Crassulacean-Acid Metabolism is a Specific Mode of Photosynthesis

Essentially a loop of CO2 flow via organic acids, mainly malate, is switched before assimilation of CO2 in the Calvin cycle of C3 photosynthesis (see Chapter 2). This allows fixation of CO2 during darkness in the night. The nocturnally fixed CO2 is transiently stored in the form of organic acids in the cell-sap vacuole. It is remobilised again during the day and assimilated in the light (Fig. 6.1). In the evolution of vascular plants CAM has arisen polyphyletically, i.e., independently many times. In all the branches of the evolutionary tree of vascular plants, beginning with the pteridophyta, we find taxa performing CAM (Fig. 6.2).

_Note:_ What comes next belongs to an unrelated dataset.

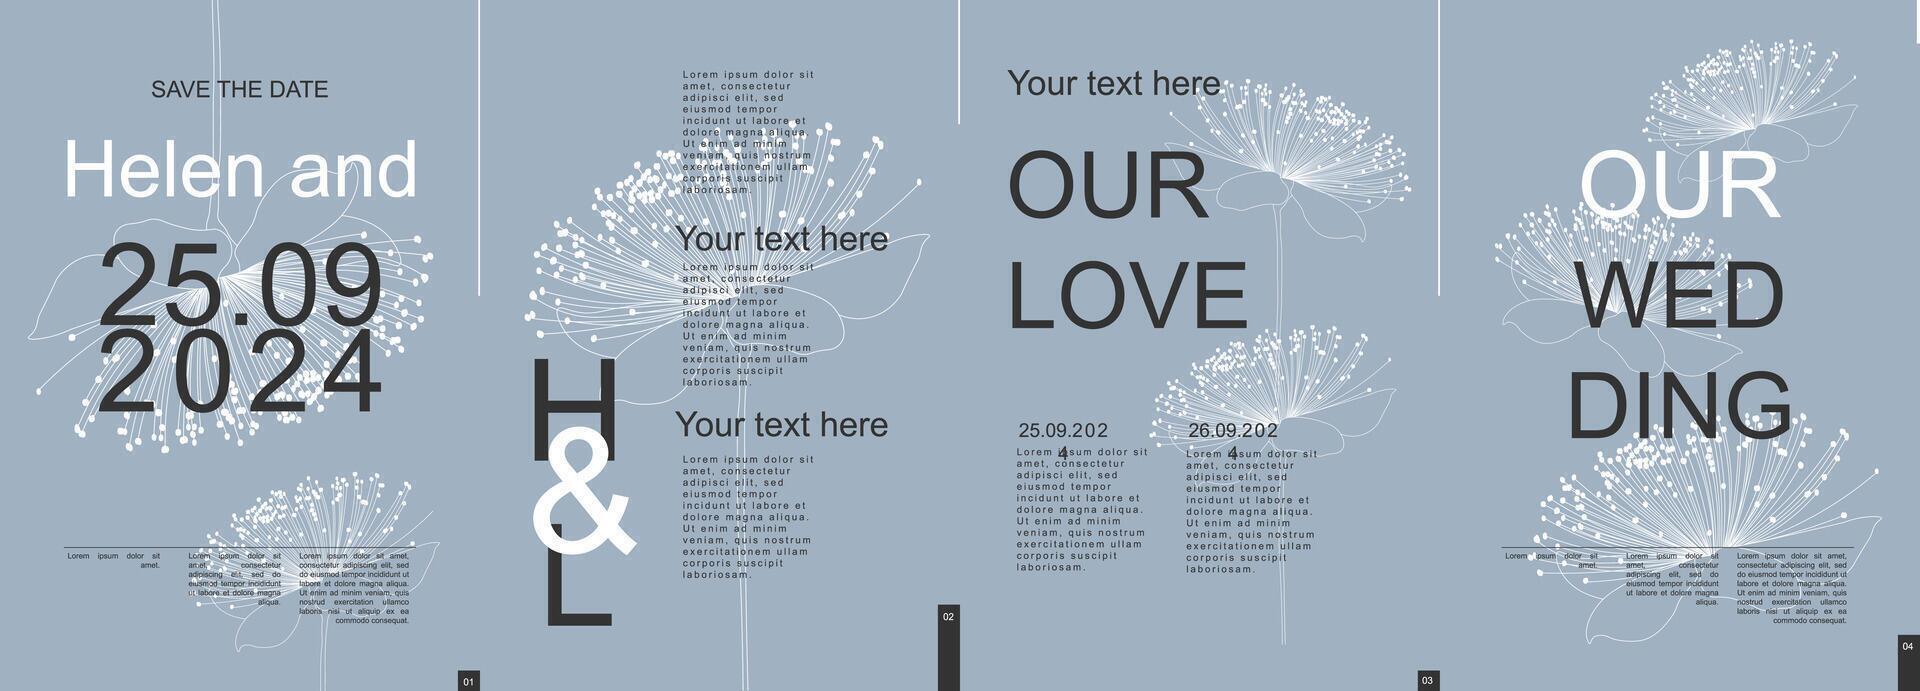 bröllop modern baner med trendig minimalistisk typografi design. affisch mallar med enkel elegant blomma linje silhuetter, datum och text element för ceremoni inbjudan. vektor illustration.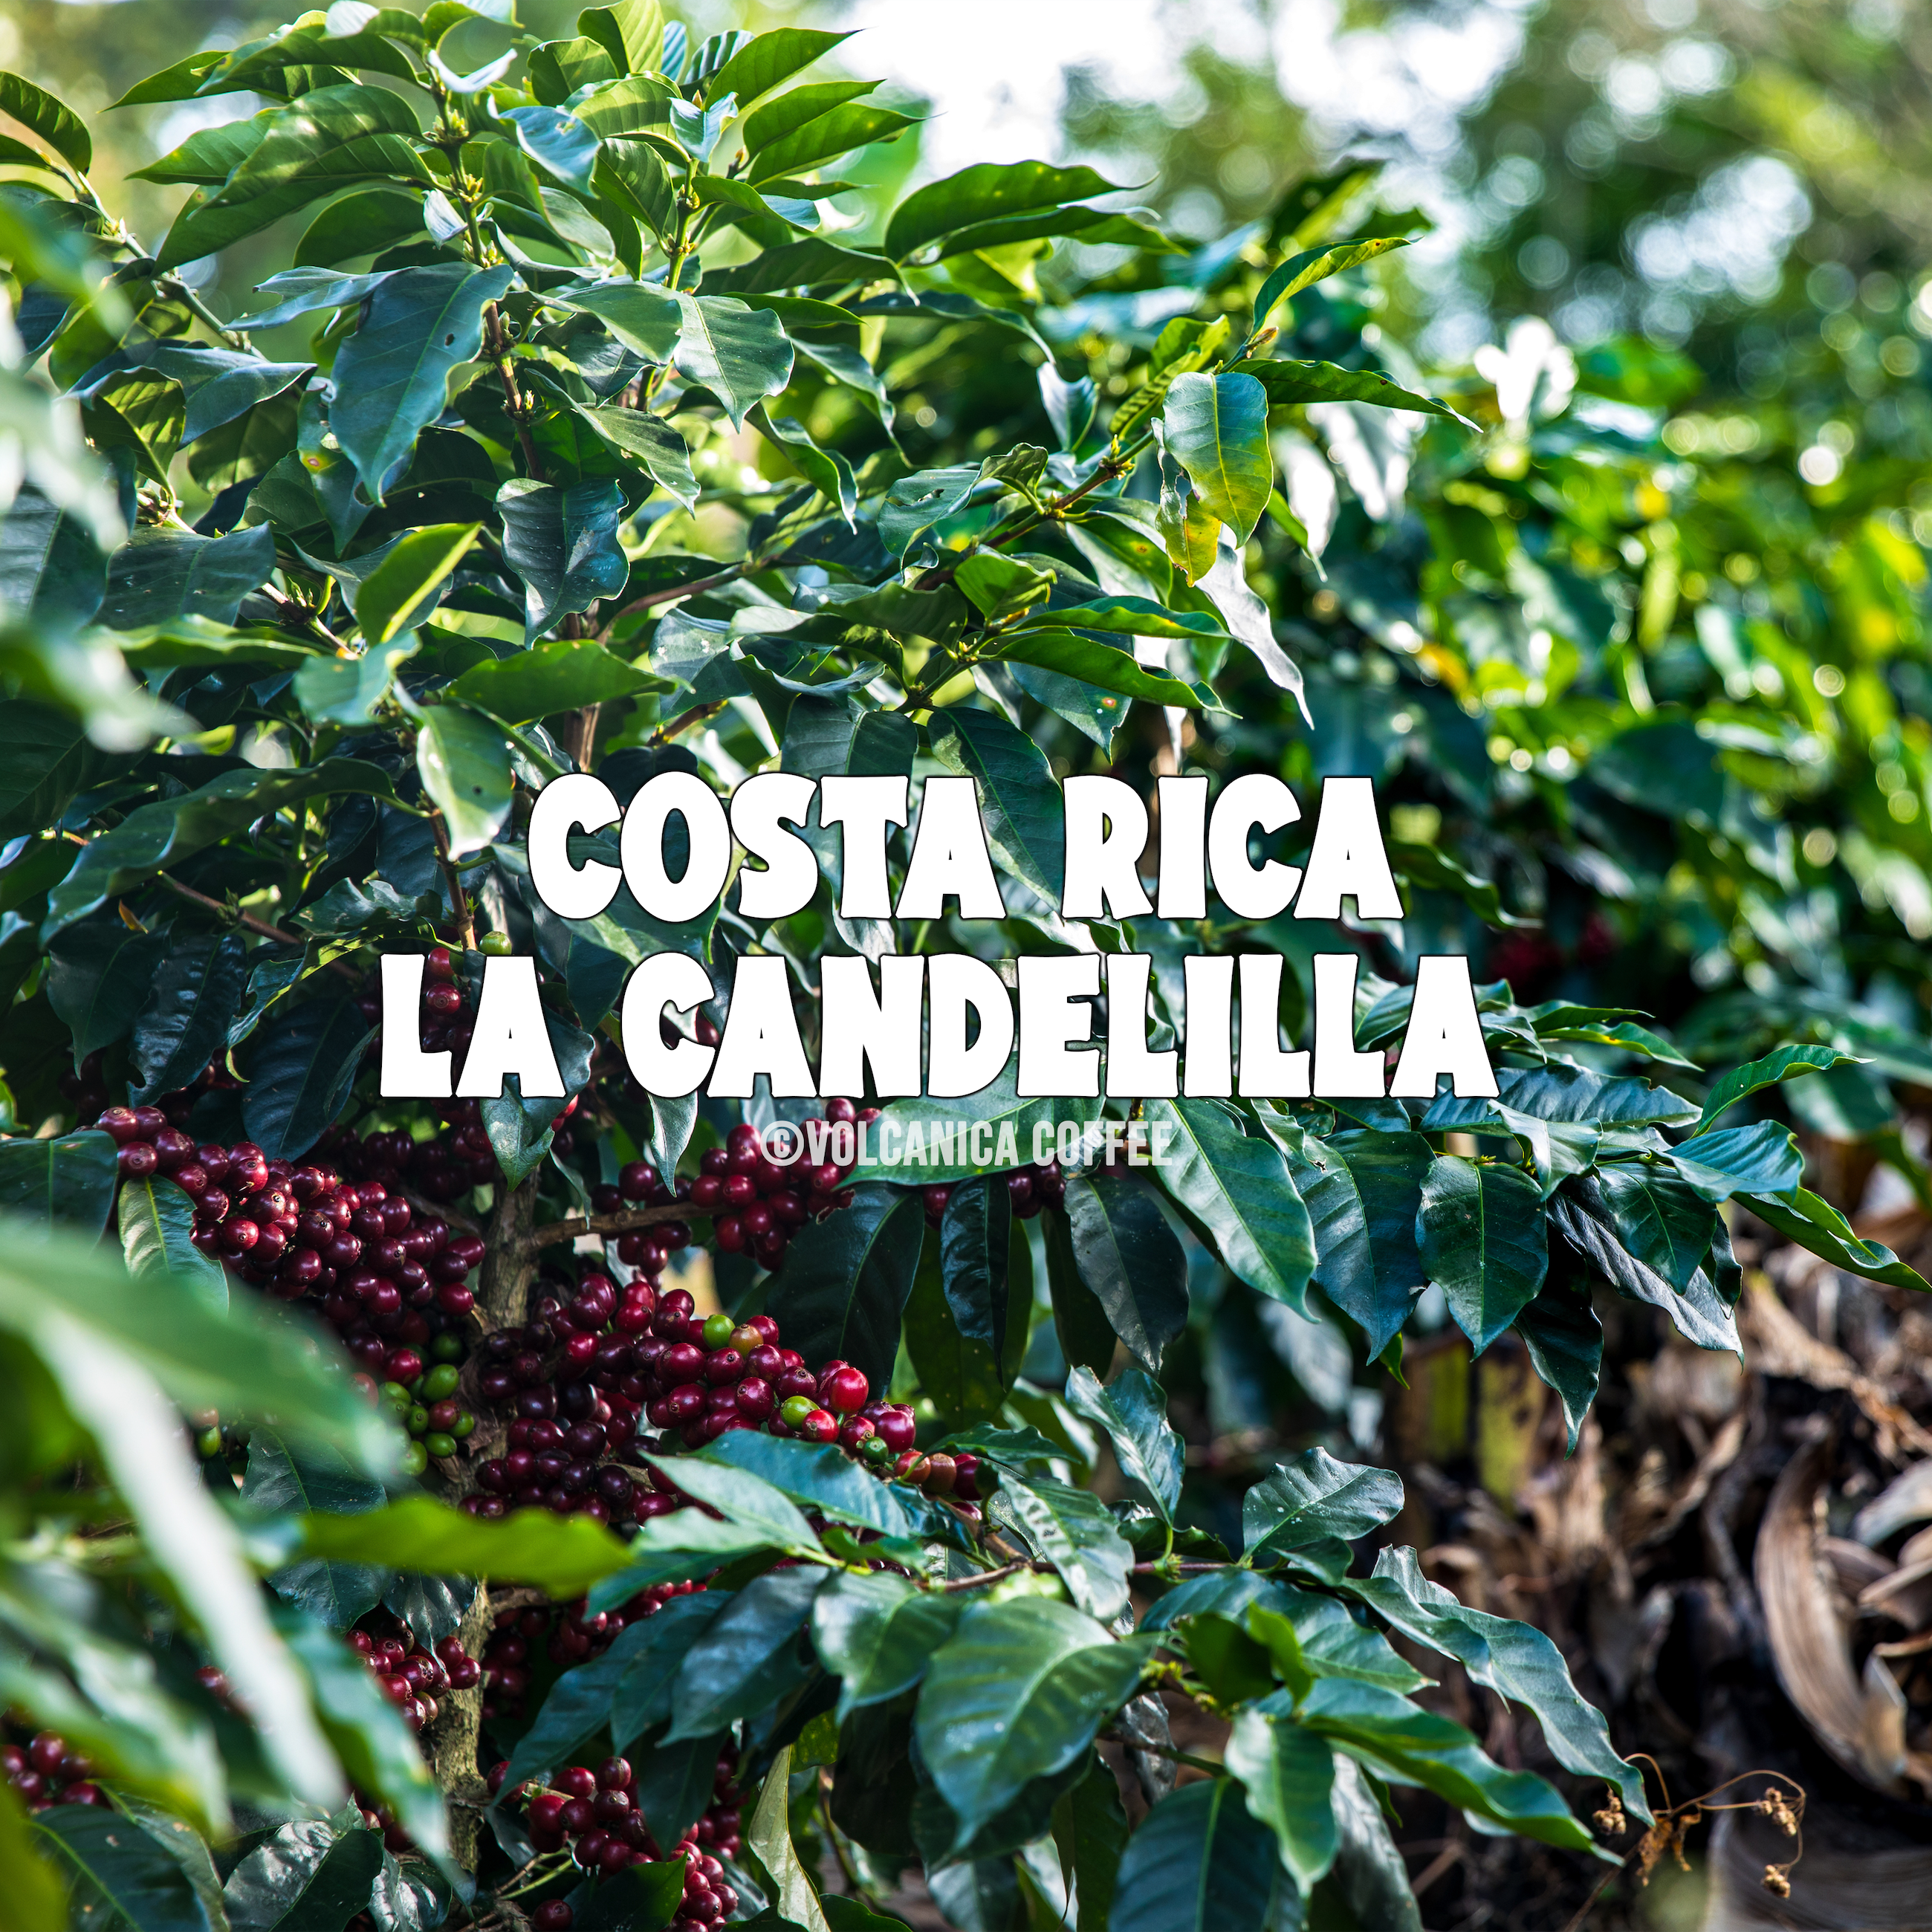 Costa Rica La Candelilla Coffee - Volcanica Coffee

Polyphyletic evolution of CAM not only occurred between higher taxa such as subclasses and families (Fig. 6.2), but also within families and subfamilies and even within genera, e.g., in the bromeliads (Smith, 1989; Crayn et al., 2000, 2004), the Clusiaceae (Holtum et al., 2004; Gustafsson et al., 2007) and the orchids (Silvera et al., 2009), and there were also evolutionary reversions from CAM back to C3 photosynthesis. CAM emerges as a good example of Darwinian evolutionary adaptive radiation. It must have been a rather simple step to evolve performance of CAM. In fact, there are basically no new metabolic requirements for CAM as compared with the phylogenetically older general metabolism and C3 photosynthesis.